Lenny Balsera, um dos principais desenvolvedores de sistemas para o Fate Core, deu uma resposta oficial da seguinte forma:
So, first, the incongruity only comes up when you're talking about a Create Advantage action that piles invokes on an existing aspect. Making one from scratch, it all tracks:
Creator succeeds with style, Defender fails, creator gets an aspect and two invokes.
Creator succeeds, Defender fails, creator gets an aspect and an invoke.
They tie, creator gets a boost.
Defender succeeds, Creator fails, you don't create the advantage.
Defender succeeds with style, you don't create the advantage and defender gets a boost.
In the case where there's an already existing aspect, it goes like this:
Creator succeeds with style, Defender fails, creator plants two invokes on the aspect.
Creator succeeds, Defender fails, creator plants one invoke on the aspect.
They tie, creator gets a boost or a free invoke. In this instance, via the "Promoting Boosts" subheader in me and Ryan's thing, that boost can be promoted and hooked onto the existing aspect. But by Core rules, even if you don't have access to that, a boost and a free invoke are functionally equivalent anyway. No stacked effects, so the creator doesn't get a boost and an invoke, sorry.

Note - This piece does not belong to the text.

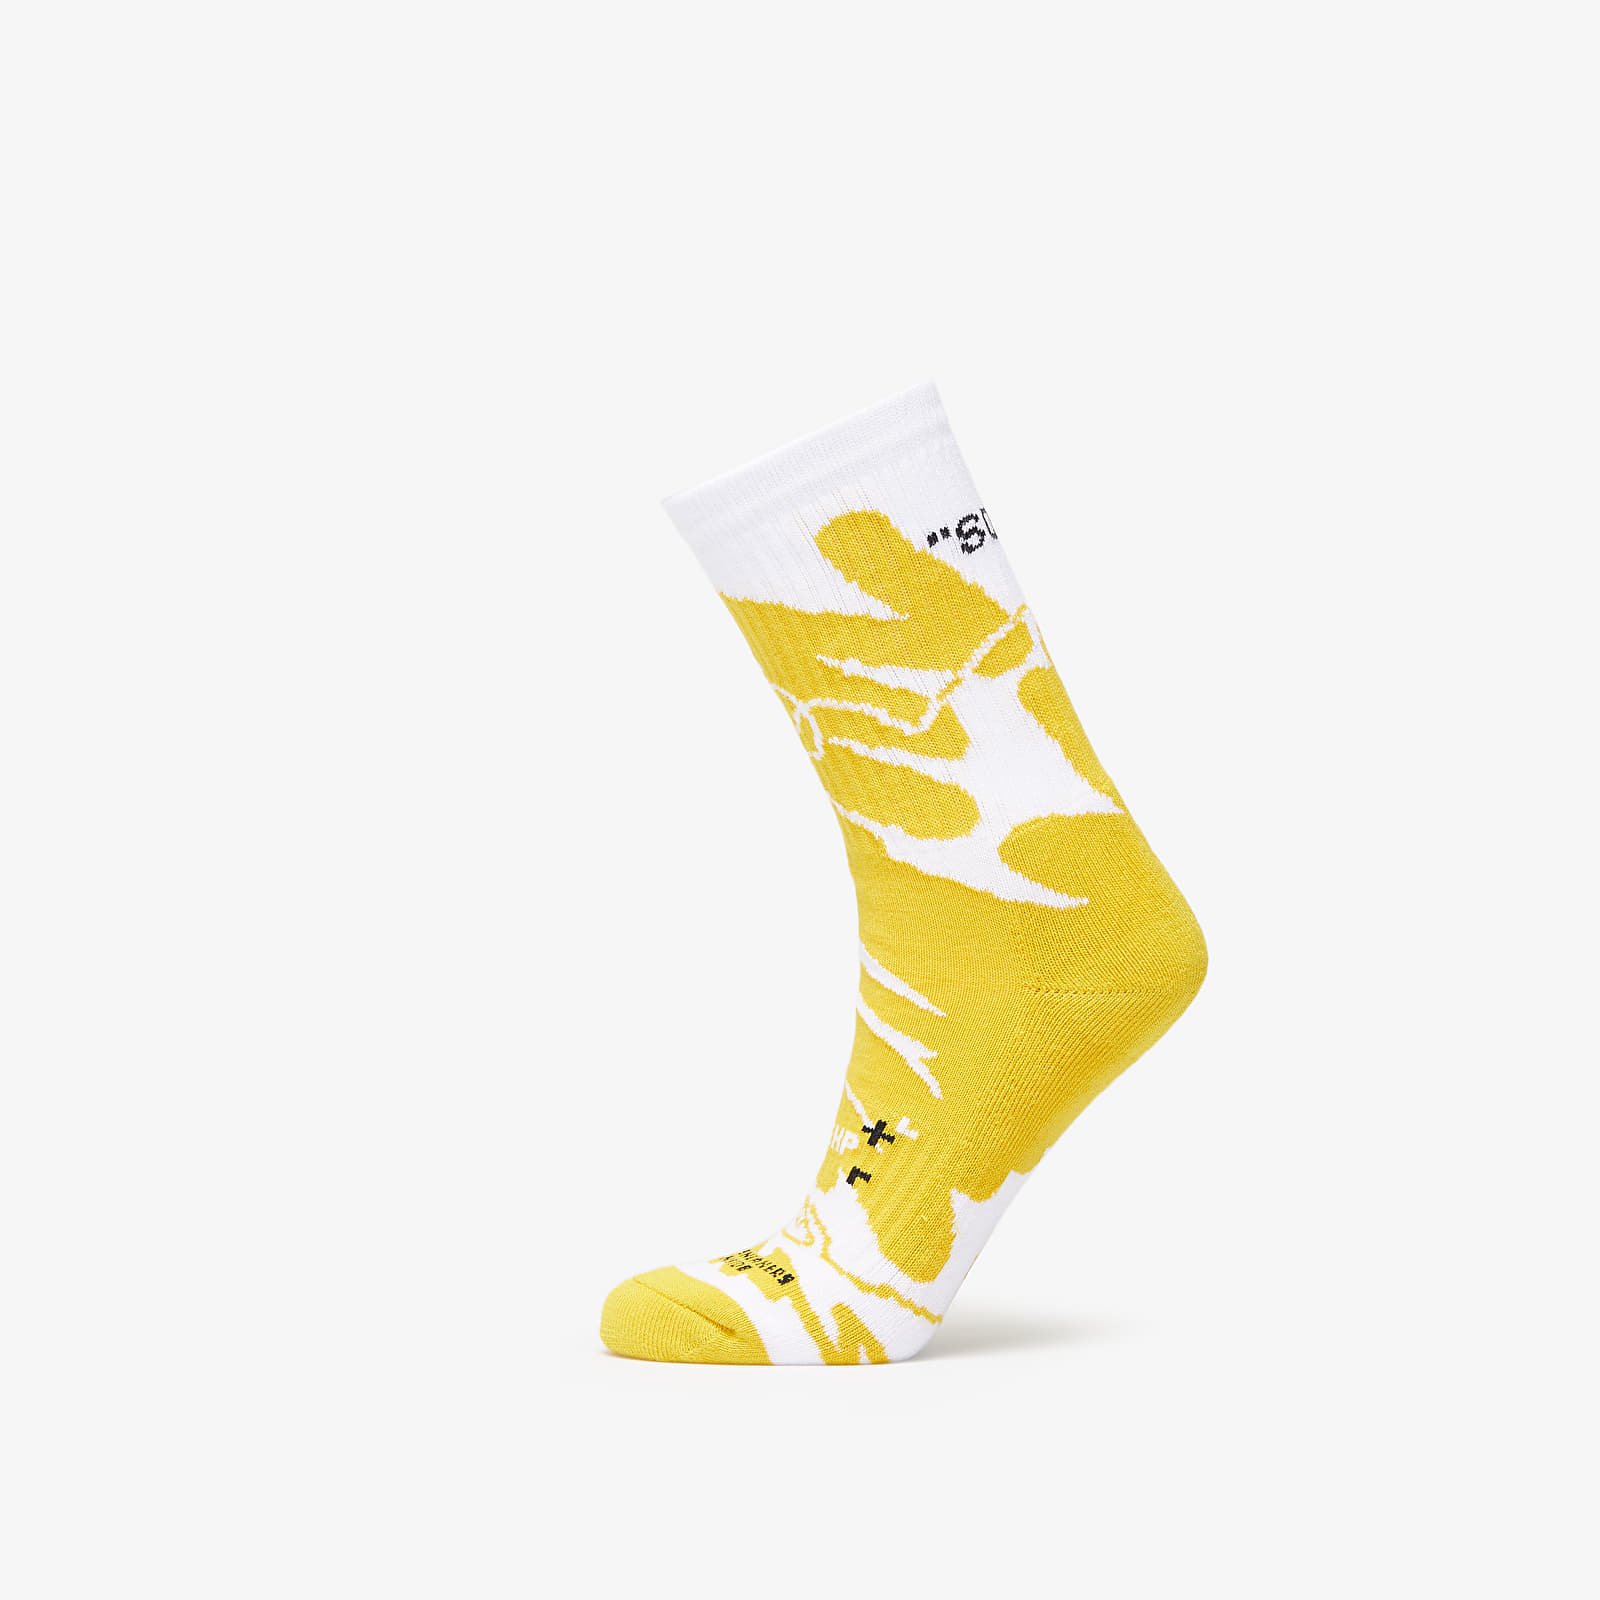 Calzetti Footshop The "Basketball" Socks White/ Yellow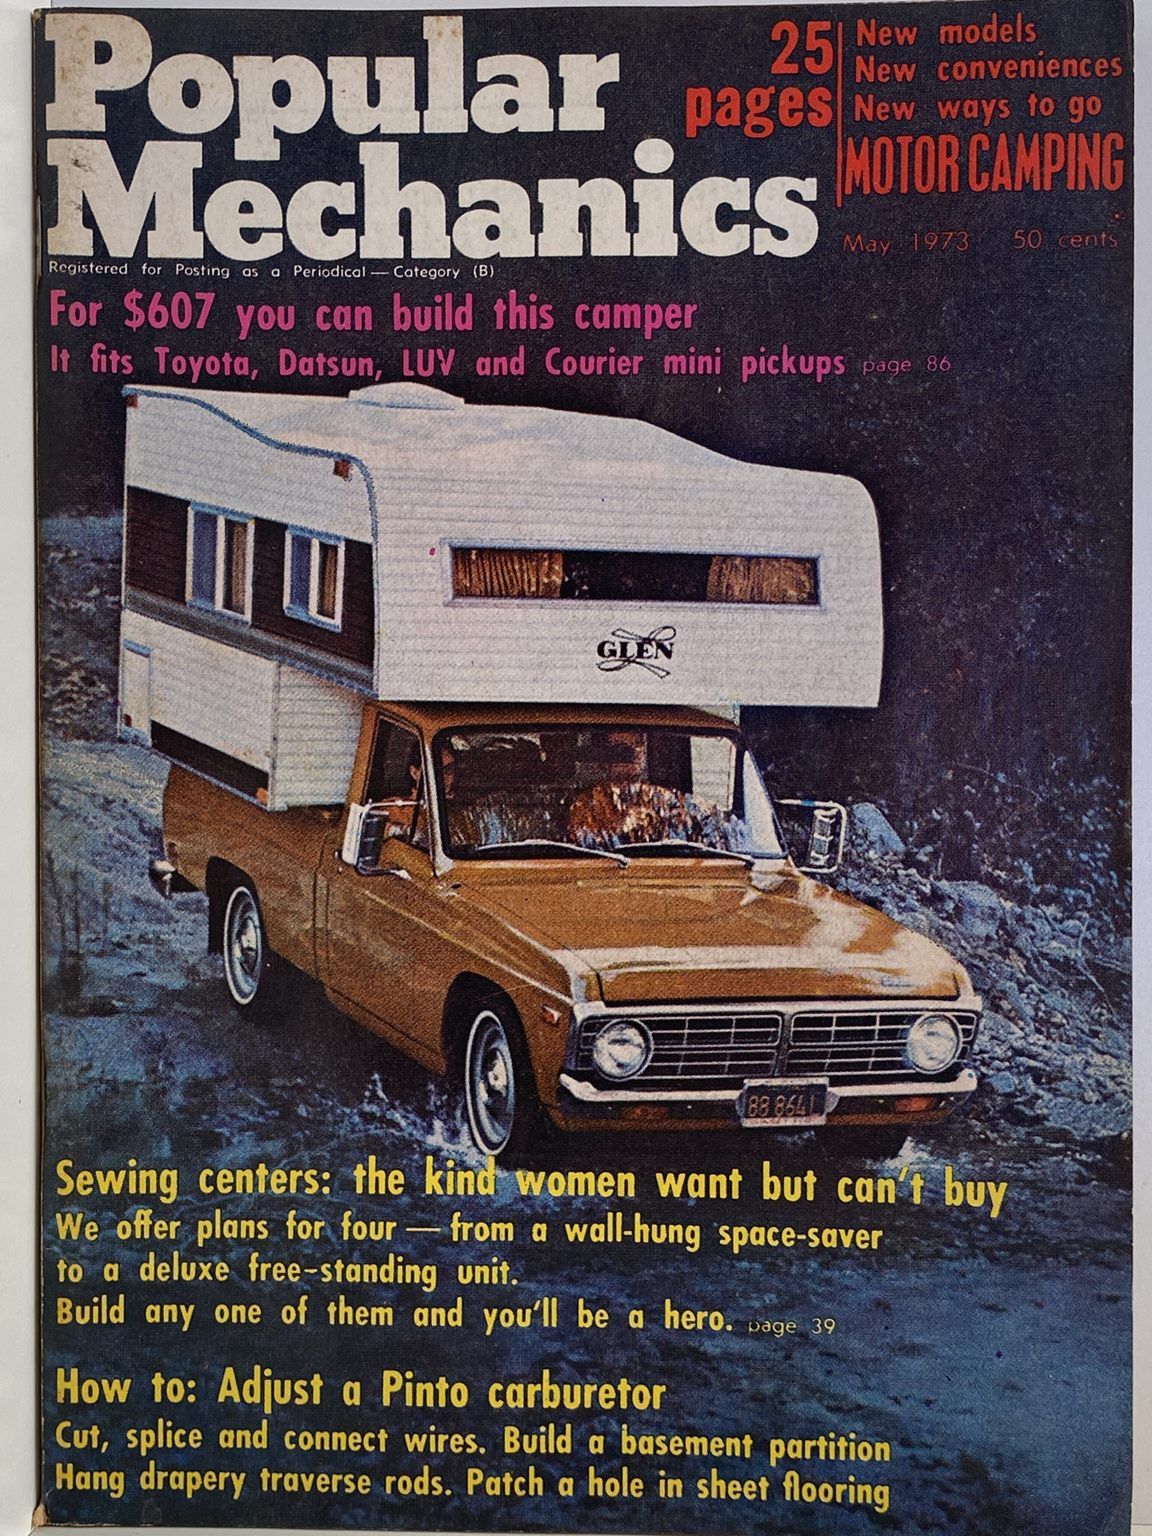 VINTAGE MAGAZINE: Popular Mechanics - Vol. 139, No. 3 - May 1973

Only reason why there's any wiggle room here is so that the narration can accommodate better. Frex, the room's On Fire and you want to make it more On Fire. But the defender's player says they're wrenching the gas can away from you.
It's a tie, so you can't exactly say that you ignore the defender and pour the gas on anyway. So maybe you just call it a boost in that instance, and explain it some other way, rather than hooking it onto On Fire.
There is a slight permanence advantage if you can promote to a free invoke, and hang it on an aspect, because then you can leave it there for a turn or two. Unpromoted boosts are "use it or lose it", so this is an instance where the ability to turn the fiction to your advantage with, you know, talking and stuff is useful. GM discretion, use your judgment, social contract, blah dee blah.
Defender succeeds, Creator fails, defender (or someone else in the scene) picks up an invoke on that aspect. Basically, the reason this is in here is to create some dynamism around repeatedly returning to the same narrative detail in a scene. If it helps you to see this through the lens of promoted boosts, above, then I'd recommend looking at it that way. You might tell me that it's then more tactically sound to invent a new detail for the scene than to keep hammering old ones, because it's easier for you to lose control of advantages already in play. And I'd nod at you and say, "Why, yes. It is."
Defender succeeds with style, defender picks up an invoke on that aspect / gets a boost. No stacking, so it's one or the other, as you choose. Effectively, what this means is that when there's an aspect already in play, and folks are jockeying for advantage, succeeding and succeeding with style for the defender are basically the same thing. Maybe that's lame, but every time this case came up, so much else was already going on in the scene that adding more cognitive load seemed like a bad idea.